_Problem to solve_:
Write out the line with "5Five Wasmanden van" and each line after it to the end of the material, exactly as they appear and with nothing else.

_Extracted records_:
------------------------
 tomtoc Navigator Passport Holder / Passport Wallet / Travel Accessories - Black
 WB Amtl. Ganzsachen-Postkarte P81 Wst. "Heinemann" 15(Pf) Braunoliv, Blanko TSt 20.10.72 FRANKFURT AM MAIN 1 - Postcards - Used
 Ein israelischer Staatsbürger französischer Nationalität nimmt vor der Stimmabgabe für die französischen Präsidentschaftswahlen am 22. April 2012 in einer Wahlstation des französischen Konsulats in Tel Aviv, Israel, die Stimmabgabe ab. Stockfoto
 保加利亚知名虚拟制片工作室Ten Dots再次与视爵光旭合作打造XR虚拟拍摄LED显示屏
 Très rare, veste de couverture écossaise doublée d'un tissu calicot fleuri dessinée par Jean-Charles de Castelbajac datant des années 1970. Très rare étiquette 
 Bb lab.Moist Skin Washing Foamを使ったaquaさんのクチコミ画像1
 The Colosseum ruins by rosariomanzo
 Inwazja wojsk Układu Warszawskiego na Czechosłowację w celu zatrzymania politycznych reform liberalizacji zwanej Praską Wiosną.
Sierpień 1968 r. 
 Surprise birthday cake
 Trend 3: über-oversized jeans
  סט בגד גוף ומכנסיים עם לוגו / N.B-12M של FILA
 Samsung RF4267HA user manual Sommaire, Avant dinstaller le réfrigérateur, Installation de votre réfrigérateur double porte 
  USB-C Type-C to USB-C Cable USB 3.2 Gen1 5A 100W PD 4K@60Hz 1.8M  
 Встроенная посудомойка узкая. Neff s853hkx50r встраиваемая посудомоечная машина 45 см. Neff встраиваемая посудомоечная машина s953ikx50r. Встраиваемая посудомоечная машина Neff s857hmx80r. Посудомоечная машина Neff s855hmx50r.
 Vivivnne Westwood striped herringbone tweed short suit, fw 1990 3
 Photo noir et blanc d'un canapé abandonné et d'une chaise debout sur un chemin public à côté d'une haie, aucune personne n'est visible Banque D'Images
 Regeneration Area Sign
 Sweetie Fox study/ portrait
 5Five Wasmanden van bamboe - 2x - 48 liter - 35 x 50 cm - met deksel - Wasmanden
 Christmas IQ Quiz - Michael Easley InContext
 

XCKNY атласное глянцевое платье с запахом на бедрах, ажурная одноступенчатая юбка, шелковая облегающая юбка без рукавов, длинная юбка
------------------------
_Solution to the exercise_:
 5Five Wasmanden van bamboe - 2x - 48 liter - 35 x 50 cm - met deksel - Wasmanden
 Christmas IQ Quiz - Michael Easley InContext
 

XCKNY атласное глянцевое платье с запахом на бедрах, ажурная одноступенчатая юбка, шелковая облегающая юбка без рукавов, длинная юбка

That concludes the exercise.